Wrapping a d3.js Visualization in a Chrome Packaged App

Recently, Google has allowed developers to put "packaged apps" on the Chrome web store.  A "packaged app" is basically a web site, but the entire thing can be downloaded to a user's system and run in offline mode.

"...packaged apps are written in HTML5, Javascript, and CSS.  But packaged apps look and behave like native apps, and they have native-like capabilities that are much more powerful than those available to web apps." (from http://developer.chrome.com/apps/about_apps.html)

The additional capabilities primarily concern access to Chrome APIs and services - access that traditional web sites do not have, including acting as a network client for TCP/UDP connections, and accessing hardware devices  You can charge for packaged apps as well.

I decided to try wrapping an existing web site in a chrome packaged app.  The site is a d3.js visualization of births and deaths in (simulated) real-time across the world, based on birth and deaths rates of individual countries.

The packaged app is available here on the chrome app store.  Note that on my iMac, I have noticed some odd instability of Chrome itself, but clicking "Ignore" seemed to let it run without a problem.  Feel free to let me know if you see the same issue as well.  In fact, feel free to let me know if you don't see it happen.

A d3.js visualization running
as a "packaged app" from the Chrome Store
(available here)

Why?

Why would you use this mechanism for what is essentially a web site?  I am still mulling on this.  Google touts that it allows apps to be less dependent on the network.  I do know that for some of the visualizations I have done this year, it would have been nice to have a way for users to get all of the materials in one fell swoop, and then run it as needed.  The update mechanism would handle any needed updates to the visualization.  Another benefit may be the ability to ride on top of google's user-authentication/management that would be a hassle if you were managing it yourself on a website.

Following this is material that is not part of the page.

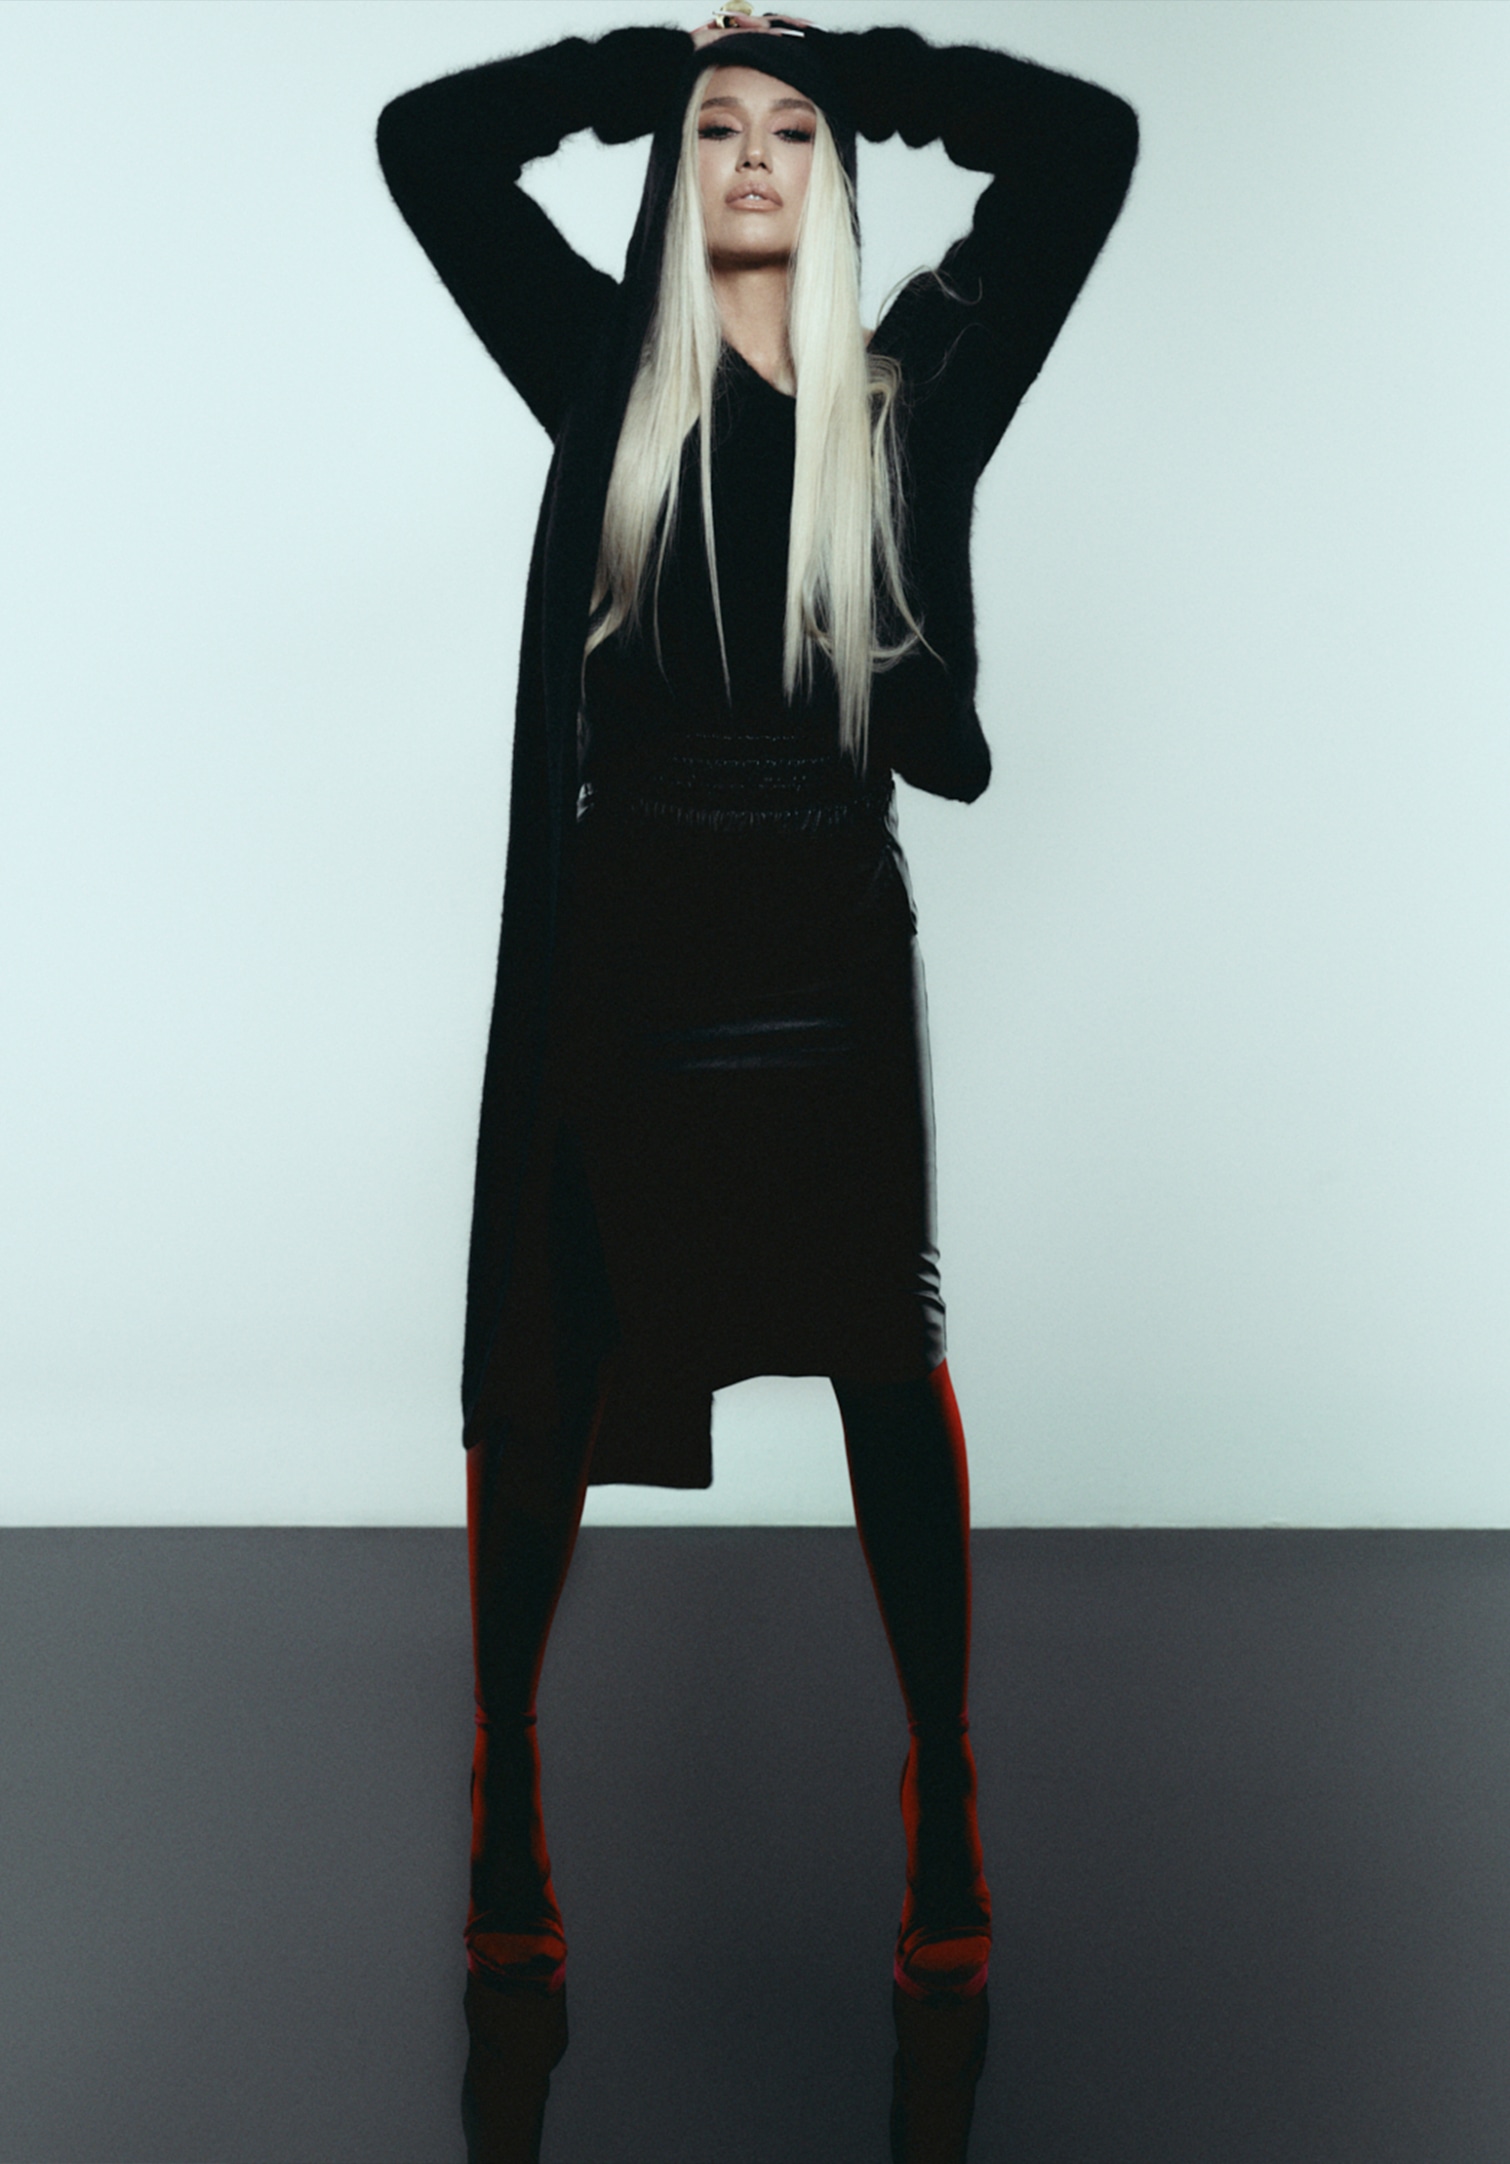 LVR Magazine: Cover Story - Gwen Stefani, The Artist’s Brush

Nuances to Create the Packaged App

Ideally, you can just (basically) zip up a web site plus a few special text files and publish it in the chrome store.  However, there were two main issues I encountered when trying to do this with d3.

The first issue concerned "violations" of the content security policy, which is a set of policies intended to prevent cross-site scripting issues.  For packaged apps specifically, it looks like you can't configure the policy.  The "violations" seemed to be related to some of the javascript used within the d3.js internals, getting triggered by the d3 asynchronous download calls.  The workaround is to specify that the page in the packaged app run in a "sandbox".  Unfortunately, this then (apparently) prevents the app from being able to use the standard asynchronous calls to load the data files.  In this case, it meant that I needed to modify the data files so that instead of raw json or tab/comma-delimited format, the files were wrapped in a little javascript to create variables, which were used later in place of the data load.  Note that after I did this, it could run in a non-sandboxed mode, but I went ahead and kept it sandboxed in case there were another execution path that would hit the same issue.

Publishing on the Chrome Store

It costs $5 to register on the chrome store so that you can upload apps.  "Uploading the app" in this case meant creating a zip file of the directory, and uploading it through the chrome developer console.

Initial Experiences

It looks kind of cool to see the app run in a chrome-less window.

I've noticed a few times that it reported a (native) crash on an iMac when the downloaded app is run - one of the errors where Apple would like you send an error report, not google.  Irritating, but apparently they can be ignored.   I get the feeling that this is somewhat new technology, so there may be more things like this.

You have to specify the initial window size when the app is launched.  In this case, I used 1280x800, since this was the size of the screenshot I needed to add for the chrome store in order to publish it.

Overall, this is an interesting concept.  I am curious to see how it pans out.